Baldwin Farms también podría acelerar el crecimiento si capacita a sus conductores para que se conviertan en vendedores o los sustituye por personal de ventas directas capacitado o experimentado. La venta en tienda puede ser muy eficaz, especialmente con productos perecederos. Siempre hay espacio que no se ha comercializado, y el personal de la tienda con exceso de trabajo a menudo agradecería la ayuda. Una o dos pulgadas de ganancia en el espacio de los estantes en cada viaje se convertirá en pies muy rápidamente.

Muchos supermercados de la costa este obtienen sus ganancias vendiendo espacio en las estanterías en lugar de comestibles. Baldwin podría considerar pagarles tarifas de asignación. Aunque esto añade costos, a menudo se justifica si ayuda a una empresa a entrar en un nuevo mercado.

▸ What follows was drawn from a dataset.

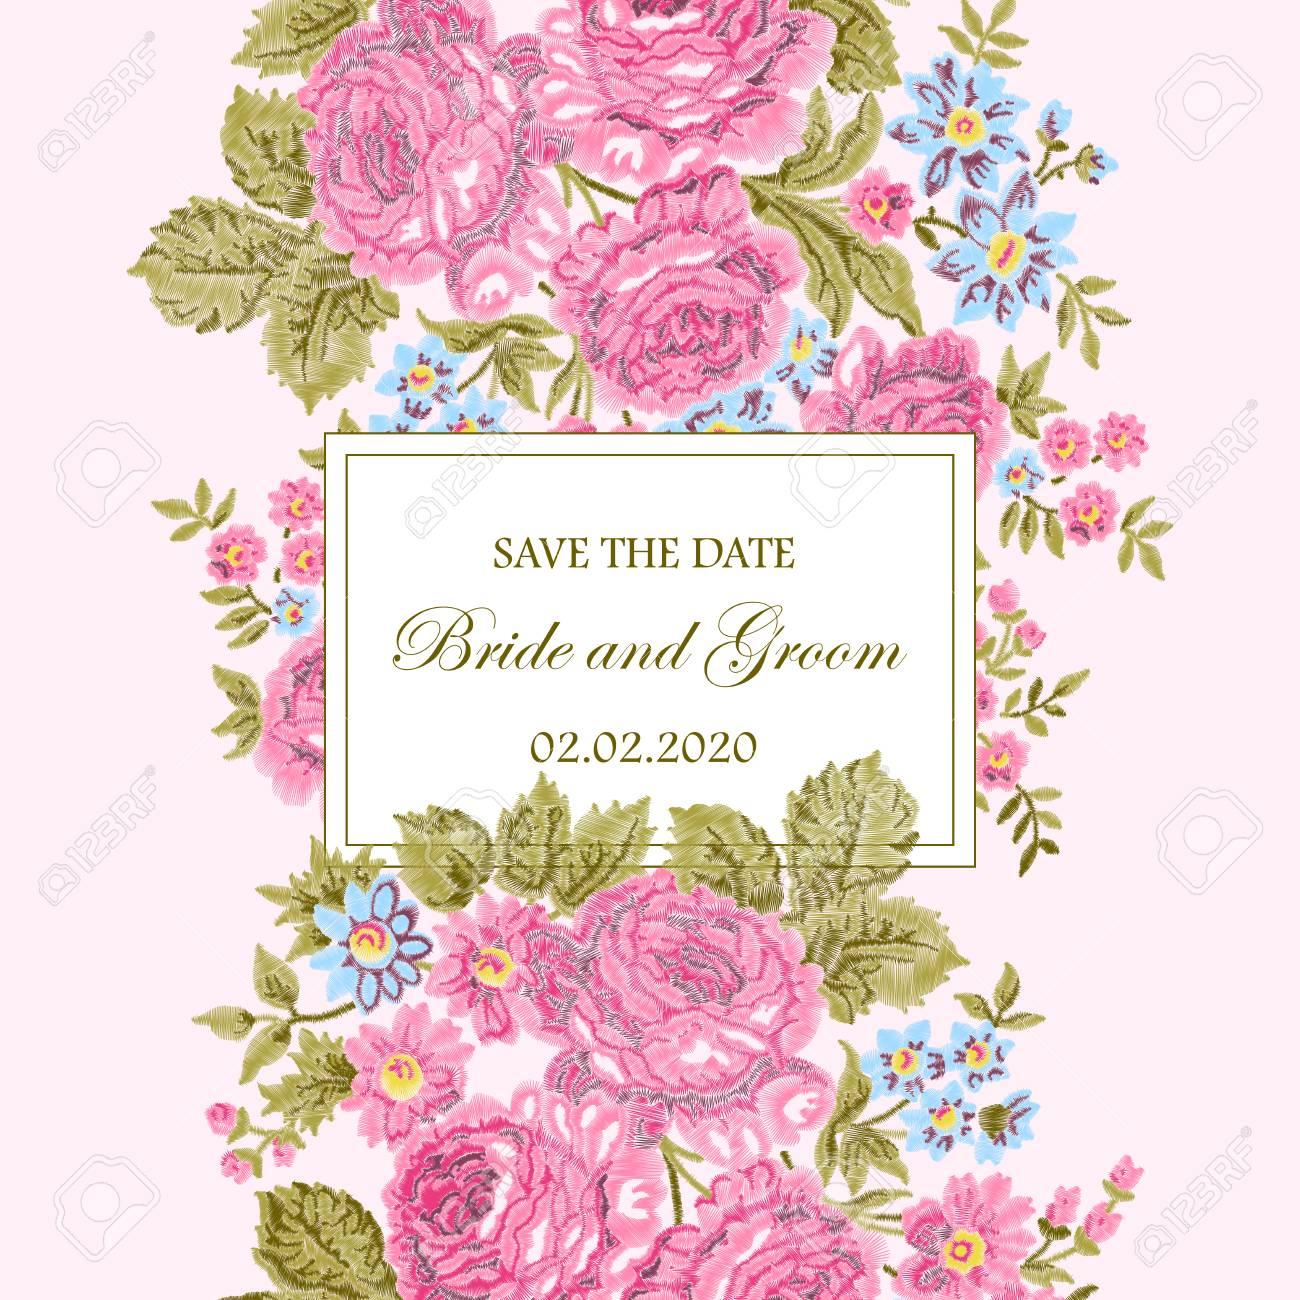 Fondo Flores Rosas Vintage

Baldwin también podría ofrecer a los clientes muchos otros beneficios que fomentarían la lealtad a la marca. Cuando no pudimos descifrar el mercado neoyorquino, dimos a los supermercados ideas para mejorar el pasillo de helados muy estéril y así aumentar las ventas de toda la categoría. Incluyeron una mejor iluminación y uso del color, formas de descongelar las puertas del congelador y optimizar las temperaturas, los ciclos de descongelación y el mantenimiento del congelador. Las relaciones y la credibilidad que construimos nos ayudaron a llevar nuestros productos a los congeladores sin poner en peligro nuestros valores.

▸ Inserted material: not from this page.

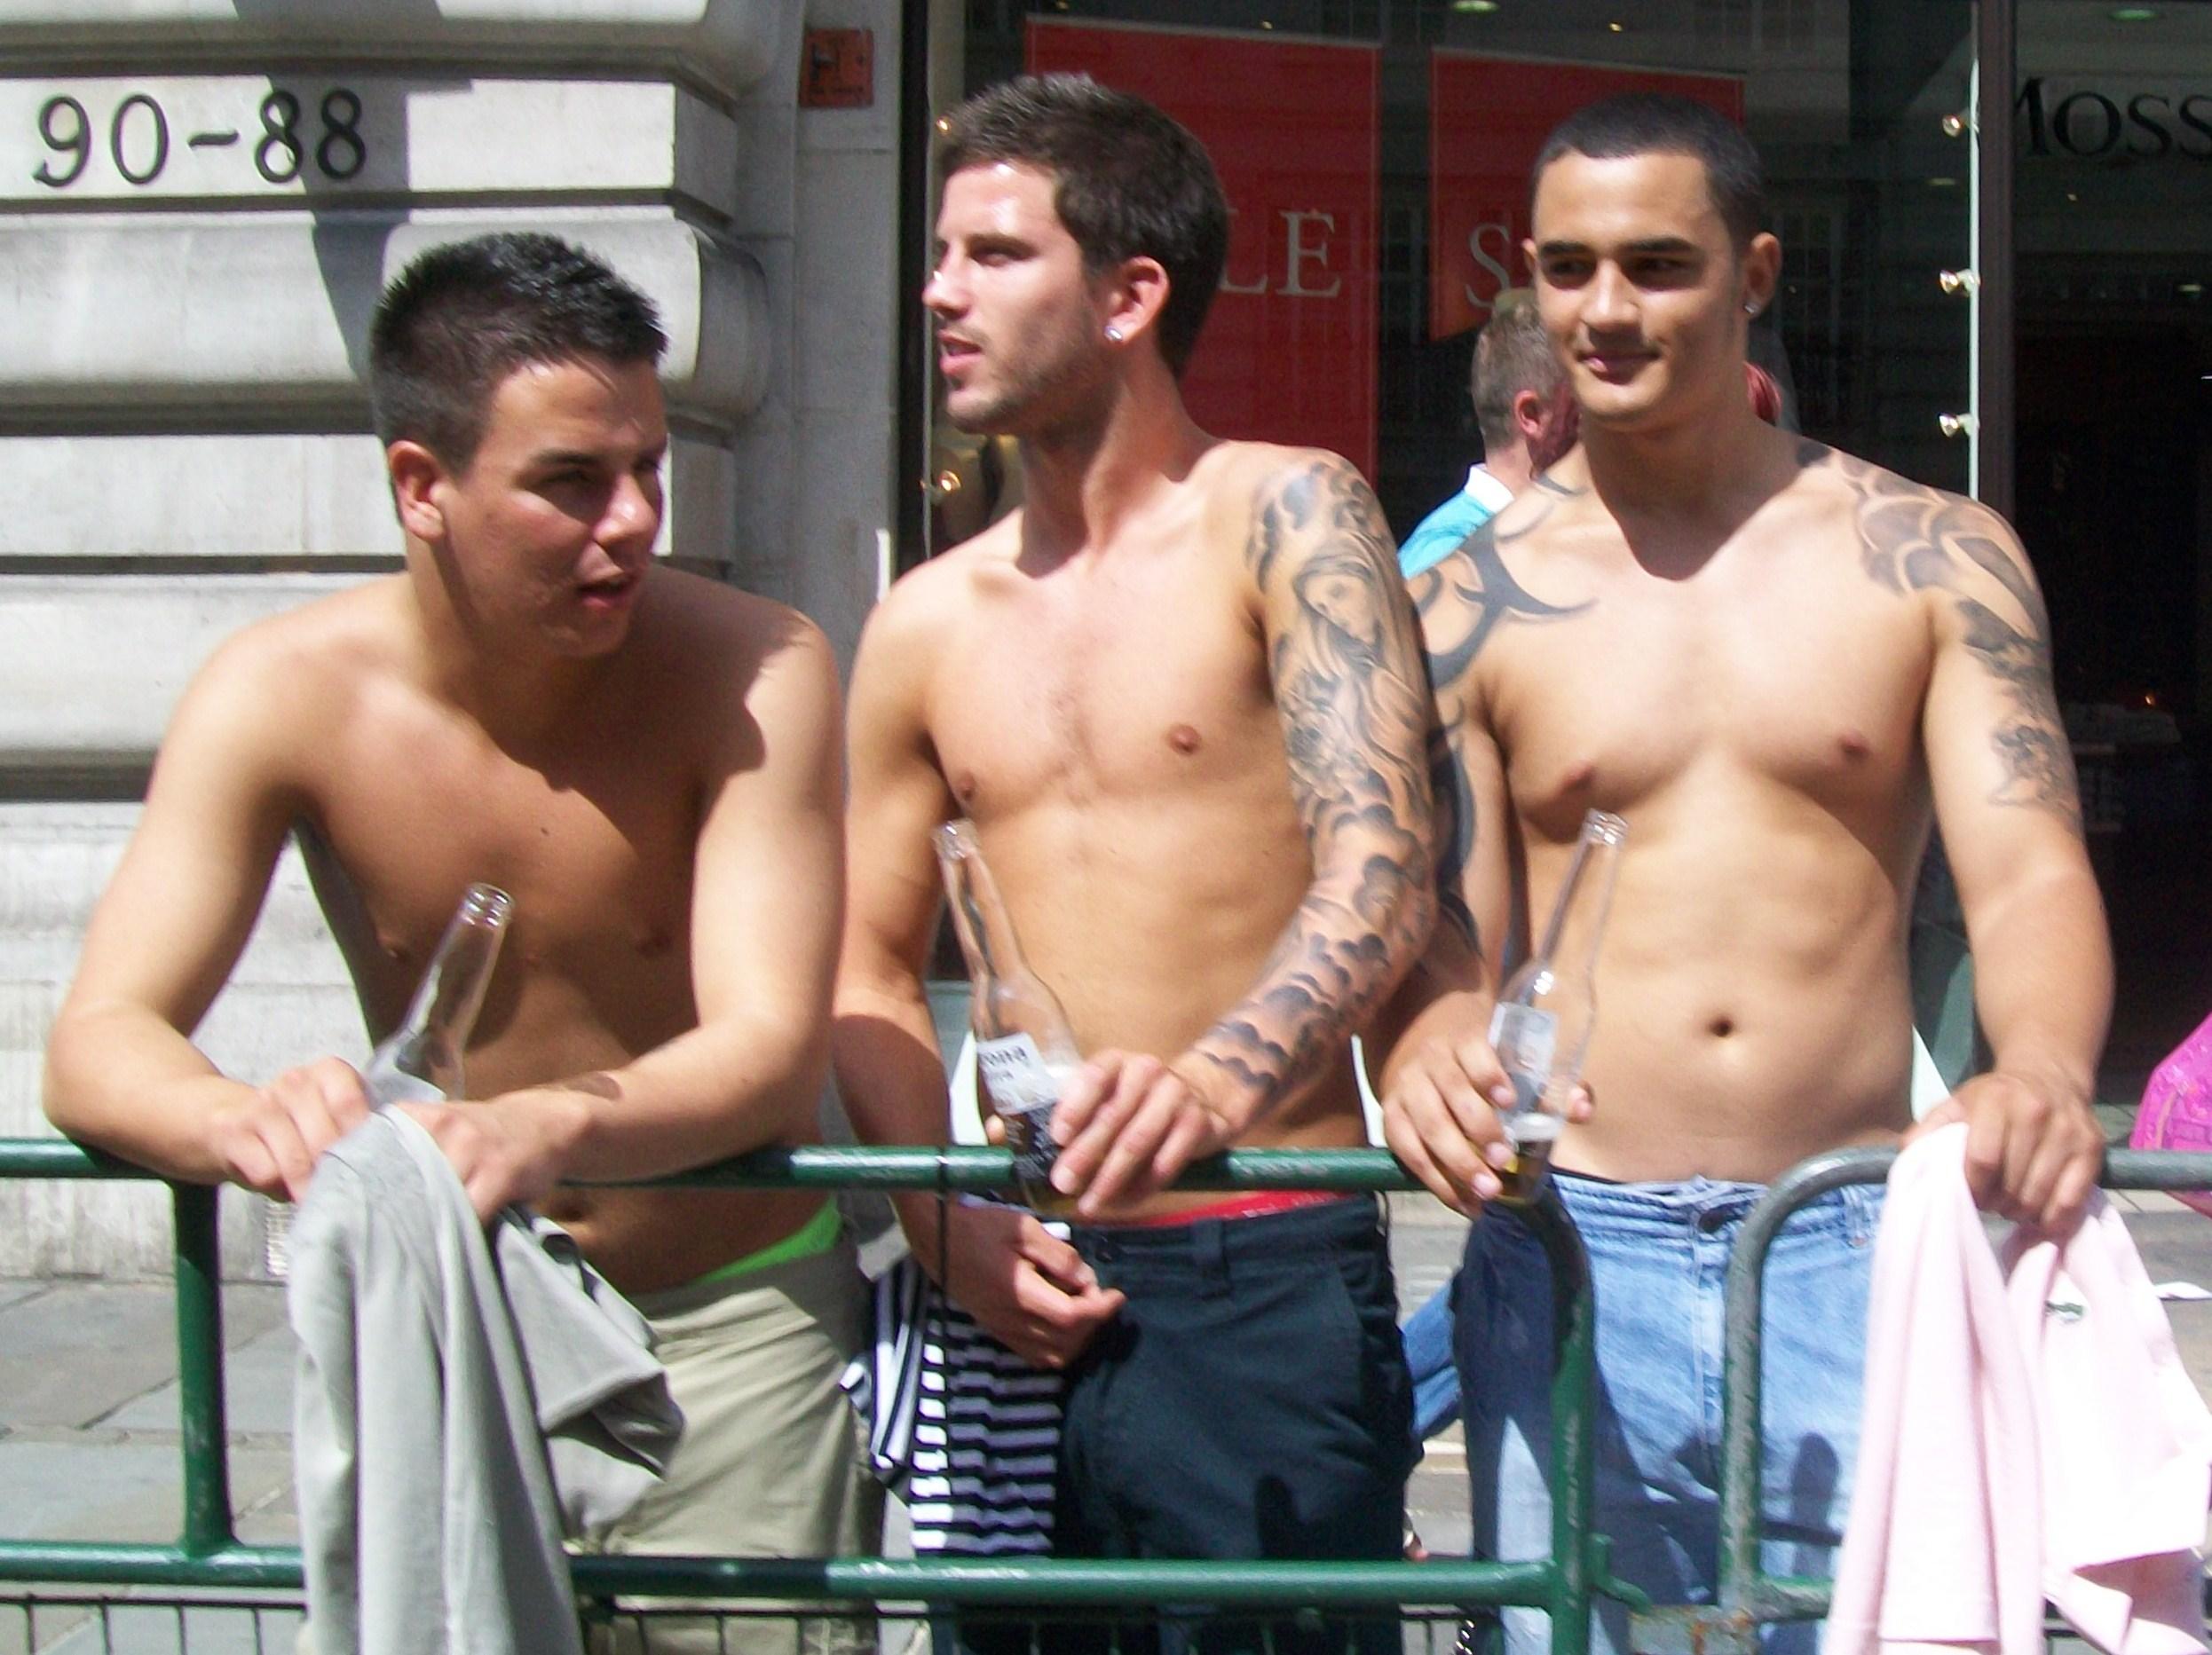 Gay travel Europe - London

Al final, el optimismo y la persistencia son necesarios para las empresas jóvenes en crecimiento. No puedes lograr el éxito si te cuestiones constantemente a ti mismo. Los Baldwin simplemente tienen que adoptar una visión a largo plazo y hacer que esta estrategia funcione.

Es demasiado pronto para rendirse. Los Baldwin tienen muchas opciones que podrían seguir además de cerrar las instalaciones de Pottsville.